Querying by Similarity
function semanticSearch(pool, queryEmbedding, limit) {
var vectorStr = "[" + queryEmbedding.join(",") + "]";
return pool.query(
"SELECT id, title, body, category, tags, " +
"1 - (embedding <=> $1::vector) AS similarity " +
"FROM content " +
"WHERE embedding IS NOT NULL " +
"ORDER BY embedding <=> $1::vector " +
"LIMIT $2",
[vectorStr, limit]
).then(function(result) {
return result.rows;
});
}
The <=> operator computes cosine distance. We subtract from 1 to convert it to cosine similarity where 1.0 means identical and 0.0 means orthogonal.
Query Understanding and Expansion with LLMs
Raw user queries are often terrible. People type "node thing that watches files" when they mean "file system watcher in Node.js." LLMs can bridge this gap.

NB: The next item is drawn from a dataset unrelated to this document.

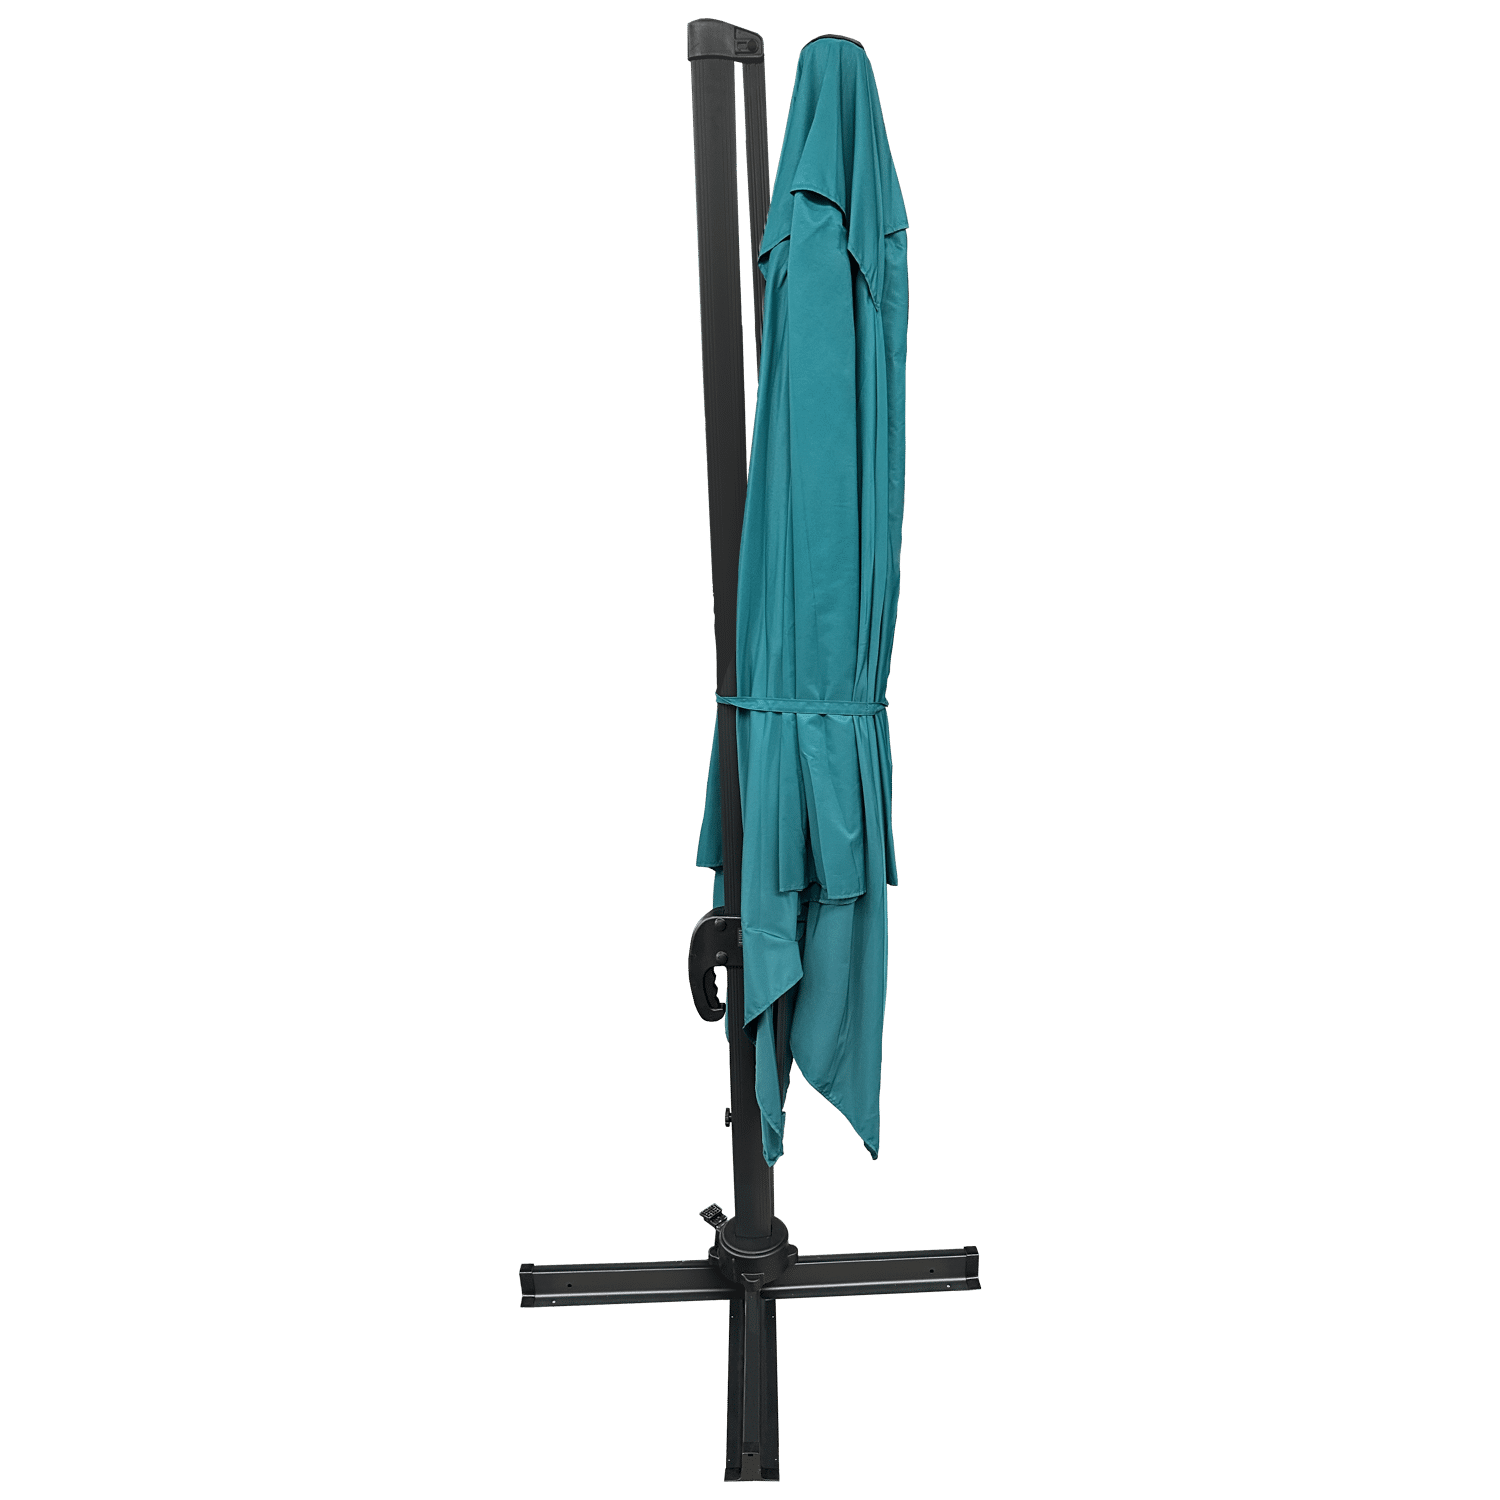 Offset paraplu MOLOKAI vierkant 3x3m blauw + hoes

function expandQuery(originalQuery) {
return openai.chat.completions.create({
model: "gpt-4o-mini",
temperature: 0,
messages: [
{
role: "system",
content: "You are a search query optimizer. Given a user search query, " +
"produce a JSON object with: " +
"1) 'rewritten' — the query rewritten for clarity " +
"2) 'keywords' — an array of 3-5 key search terms " +
"3) 'intent' — one of: informational, navigational, transactional " +
"Return ONLY valid JSON, no markdown."
},
{ role: "user", content: originalQuery }
]
}).then(function(response) {
return JSON.parse(response.choices[0].message.content);
});
}
Example transformation:
Input: "node thing that watches files"
Output: {
"rewritten": "Node.js file system watcher implementation",
"keywords": ["nodejs", "file watcher", "fs.watch", "chokidar", "file monitoring"],
"intent": "informational"
}
The expanded keywords give you multiple angles of attack. Use the rewritten query for semantic search and the keywords for traditional full-text matching.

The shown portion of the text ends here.